Provided material:
....

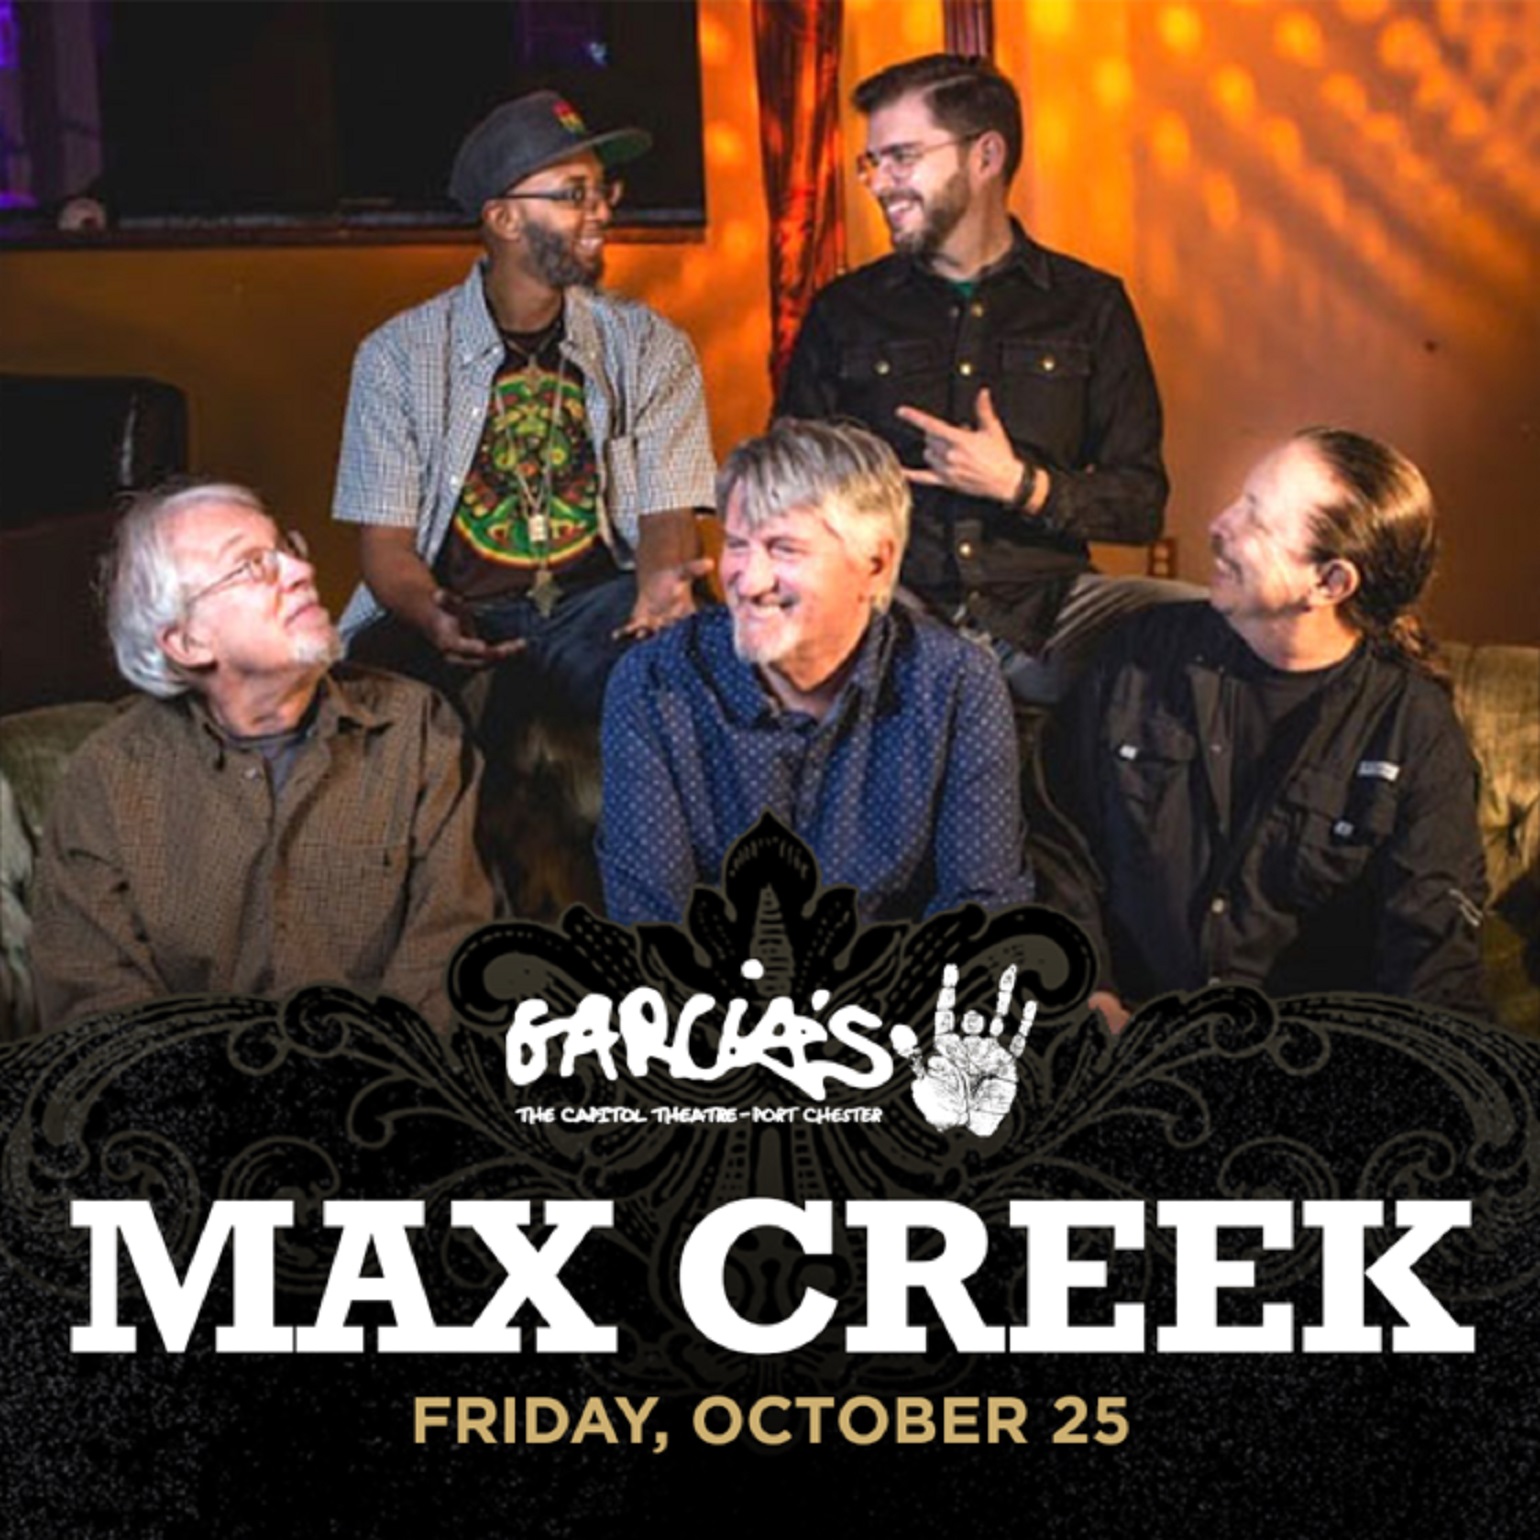 Max Creek Plays Garcia's on Friday, OCT 25
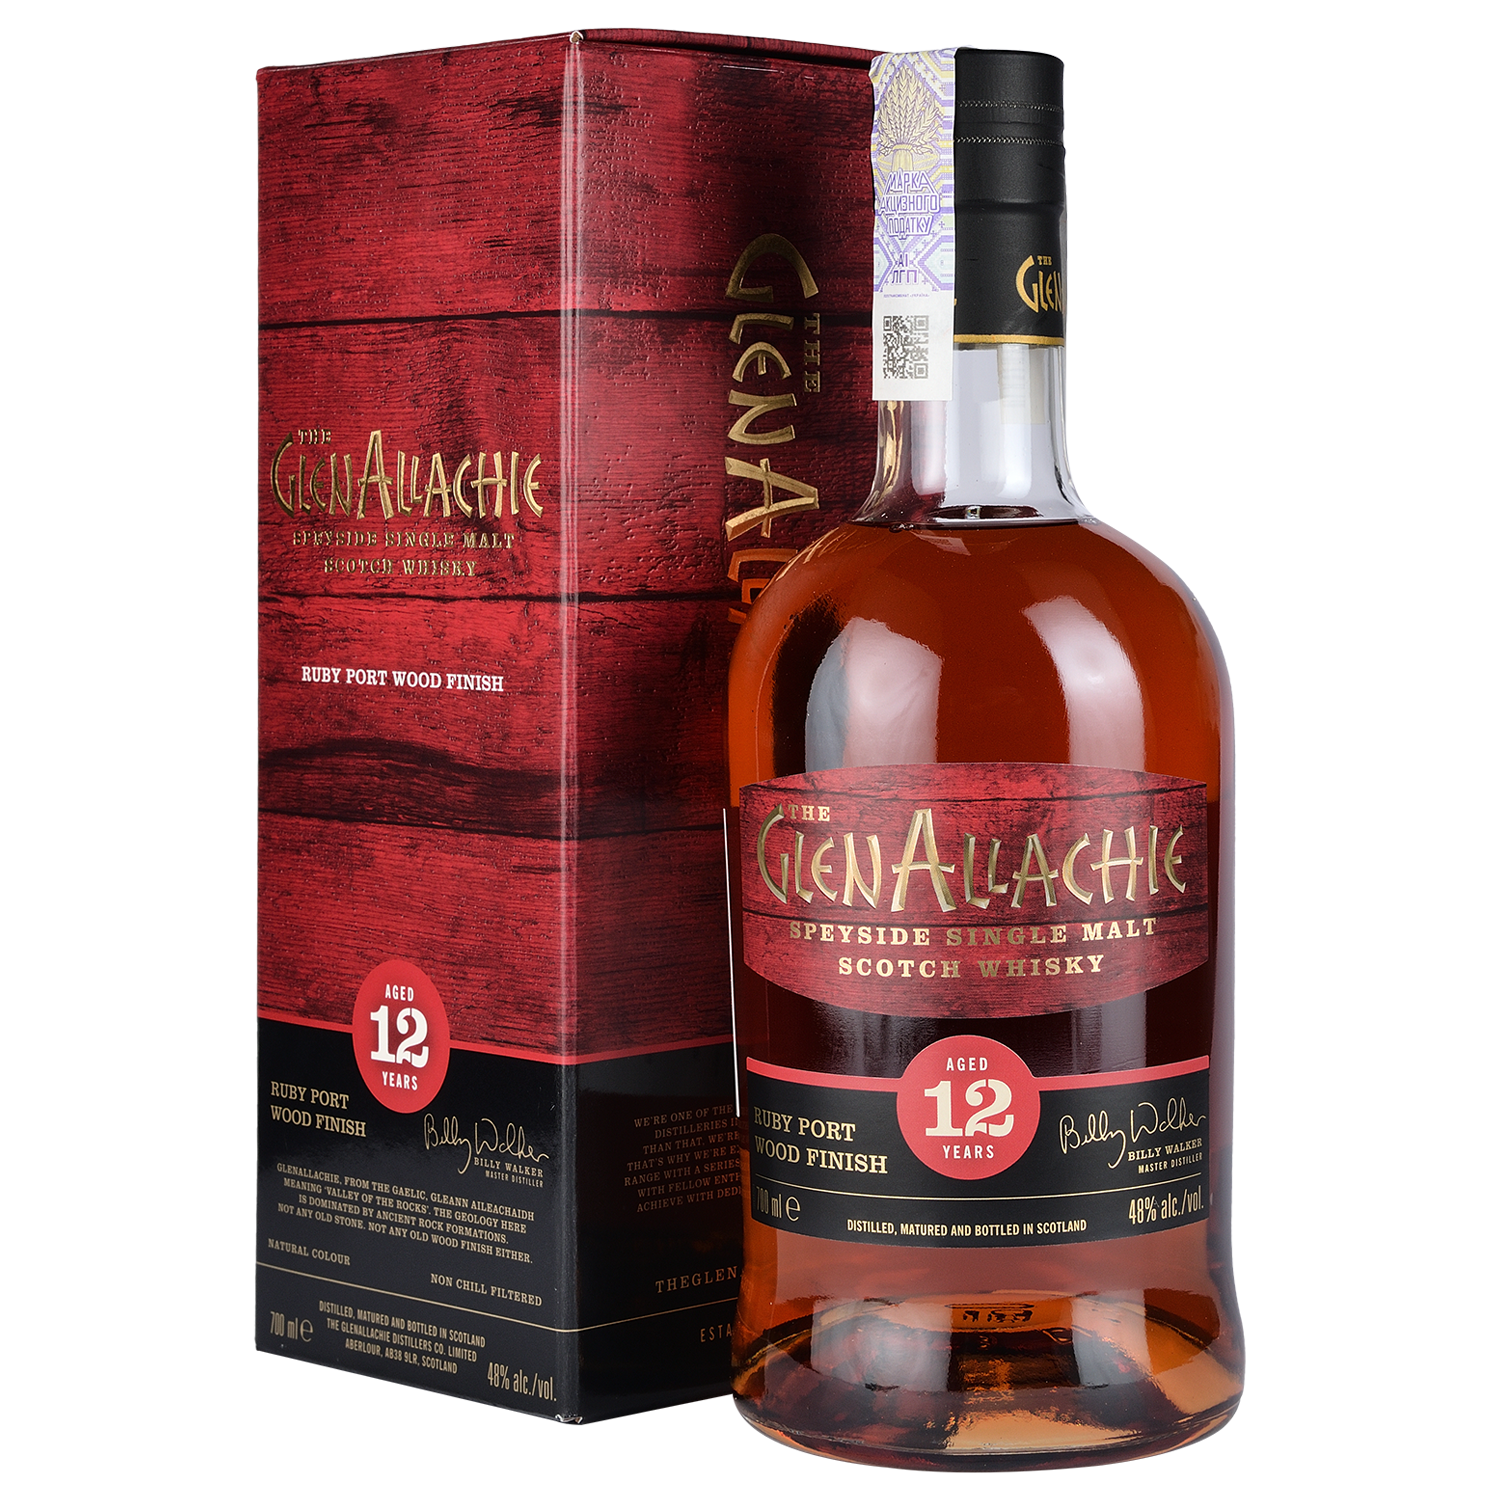 Виски GlenAllachie Single Malt Scotch Whisky Ruby Port Wood Finish 12 yo, в подарочной упаковке, 48%, 0,7 л - фото 1
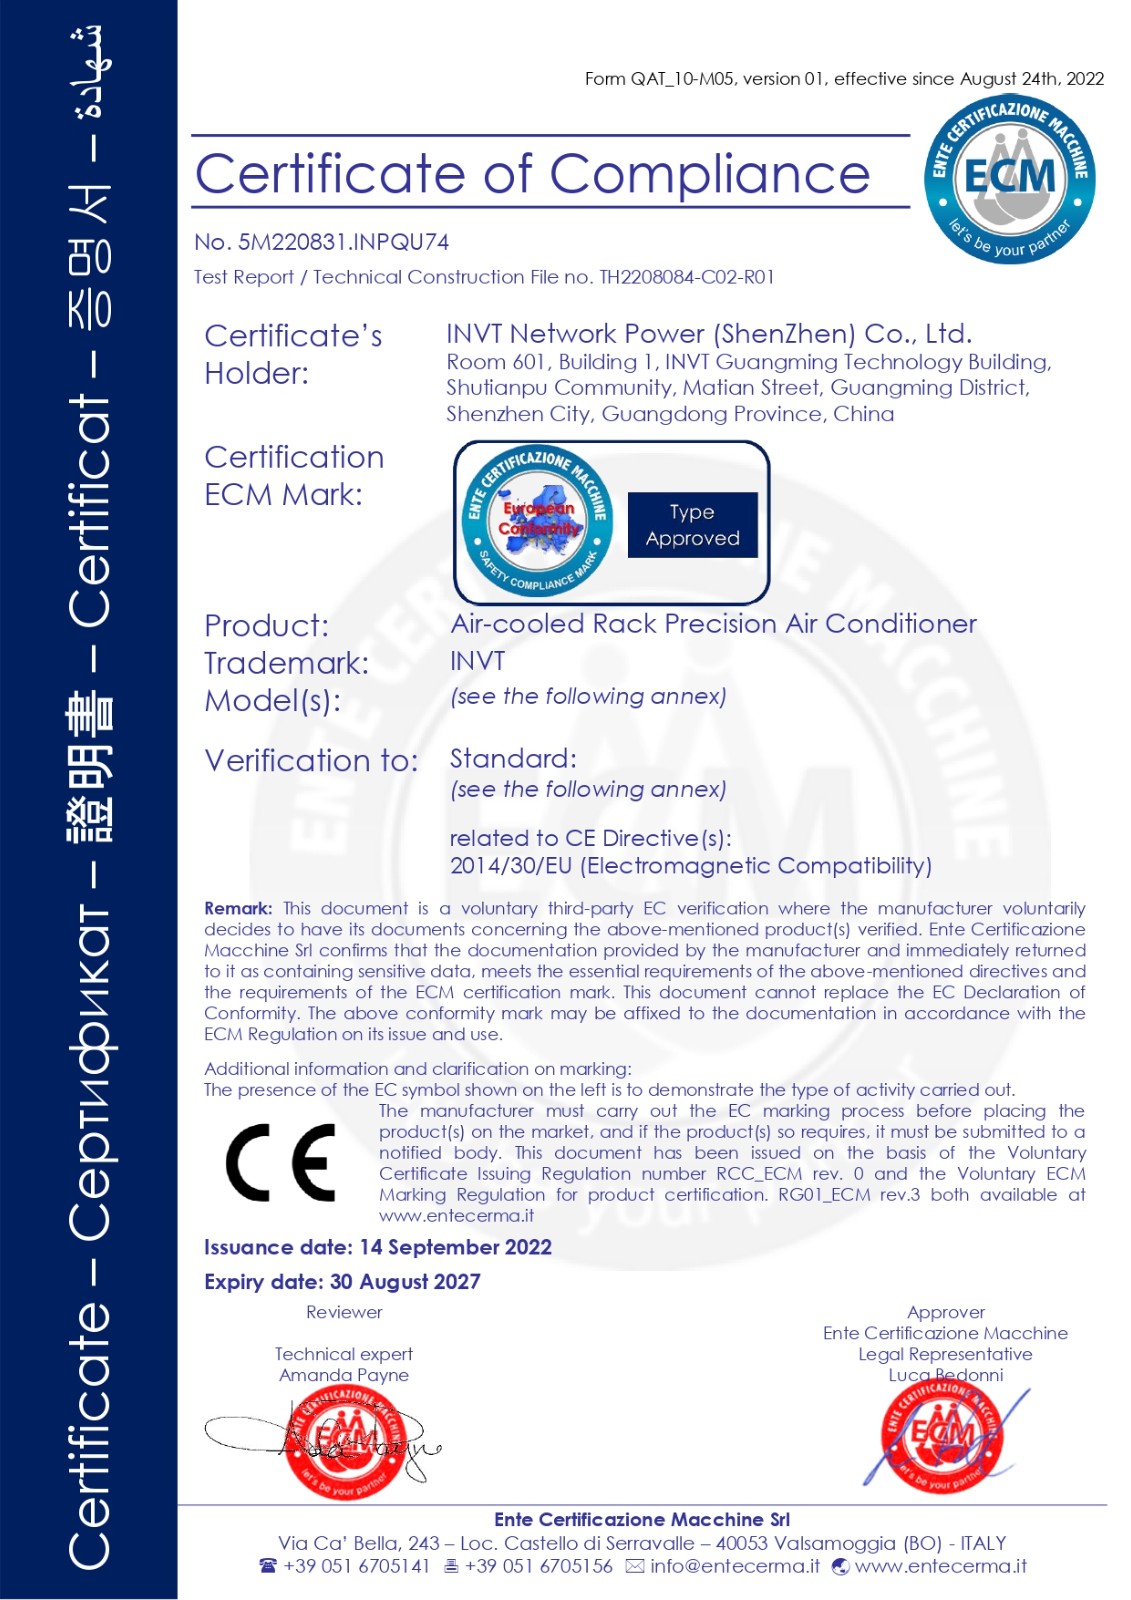 Rack air conditioner - EMC Certification 5M220831.INPQU74_page-0001.jpg
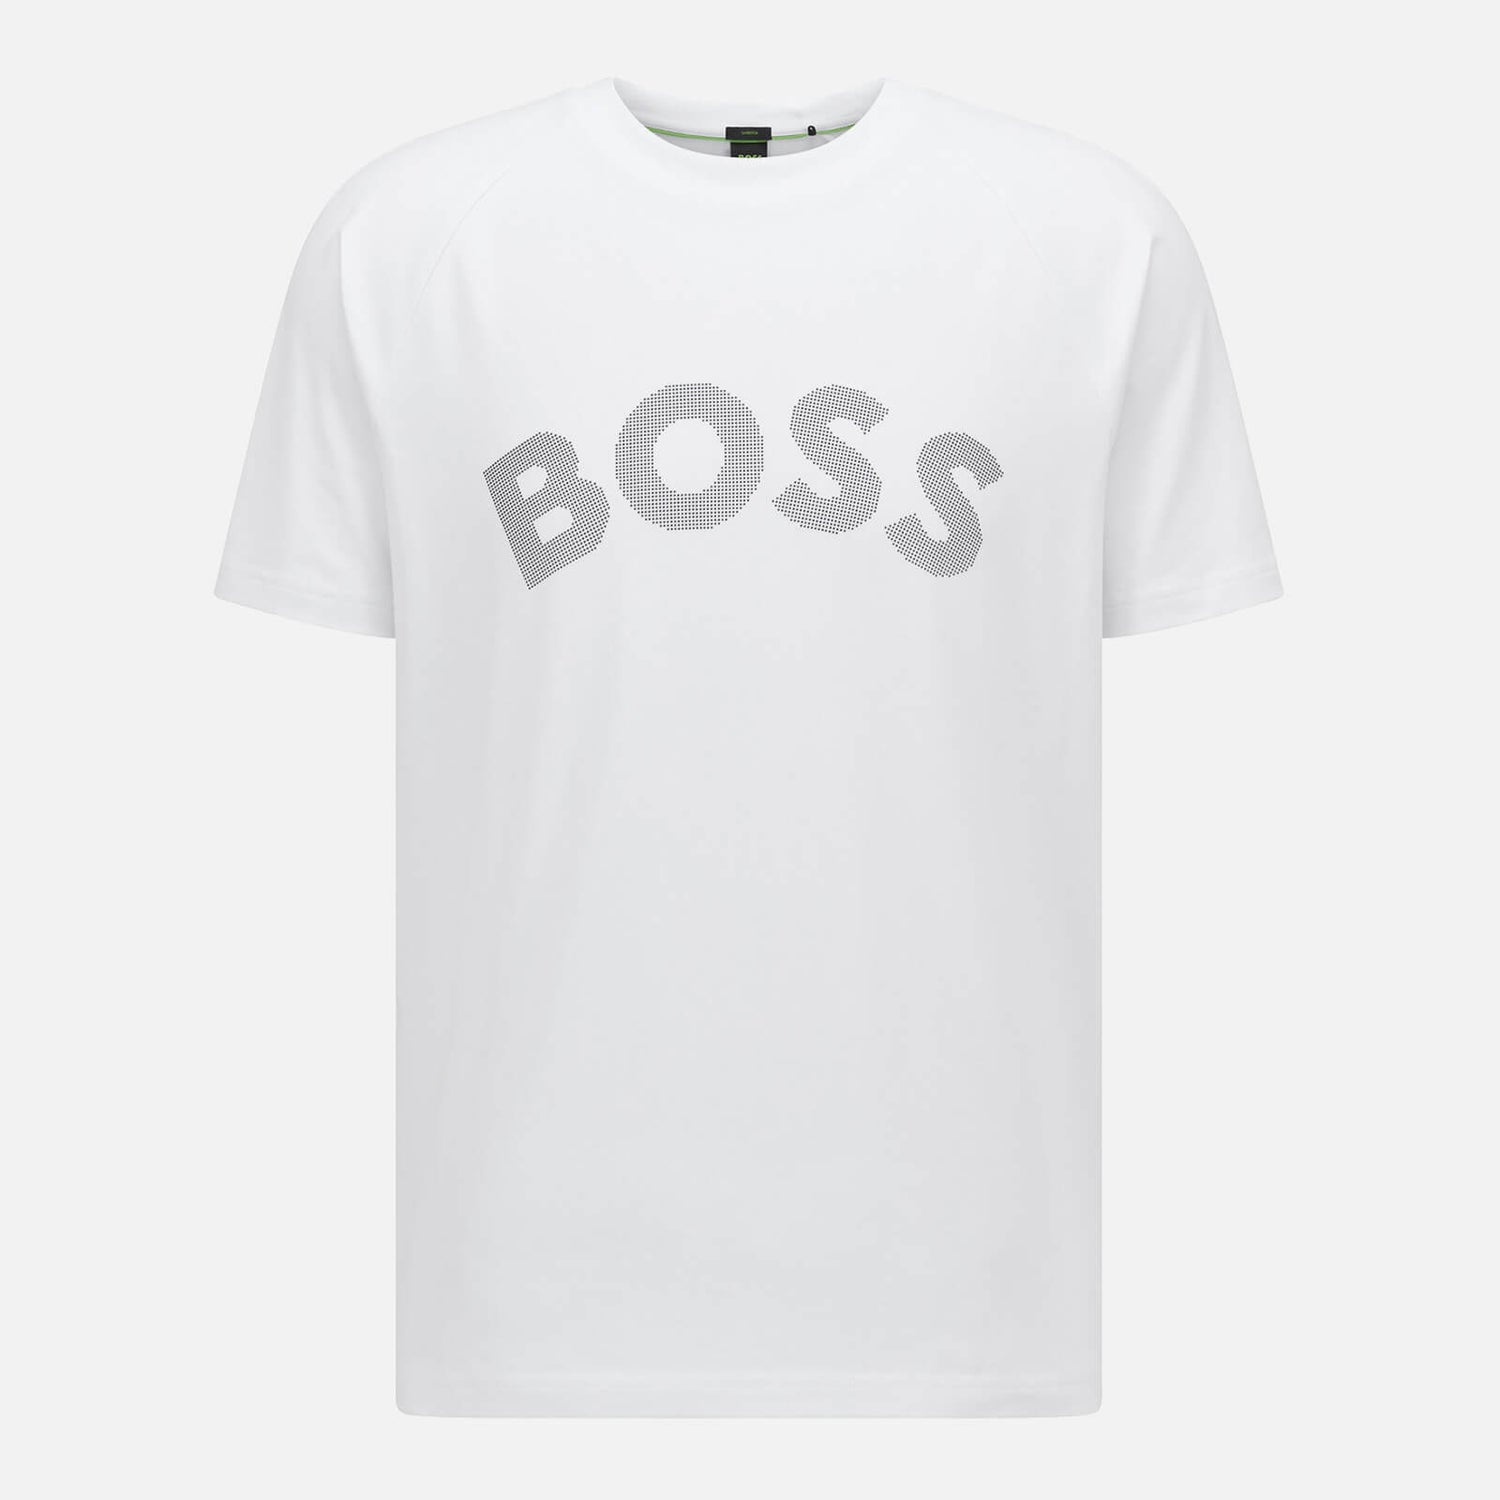 BOSS Green Men's Naps T-Shirt - White

....

Prompt: Only an exact copy of the lines from the one with "Виски GlenAllachie Single" through the last line of the data above is wanted, and no pictures.

Answer space:
 Виски GlenAllachie Single Malt Scotch Whisky Ruby Port Wood Finish 12 yo, в подарочной упаковке, 48%, 0,7 л - фото 1
 Rack air conditioner - EMC Certification 5M220831.INPQU74_page-0001.jpg
 BOSS Green Men's Naps T-Shirt - White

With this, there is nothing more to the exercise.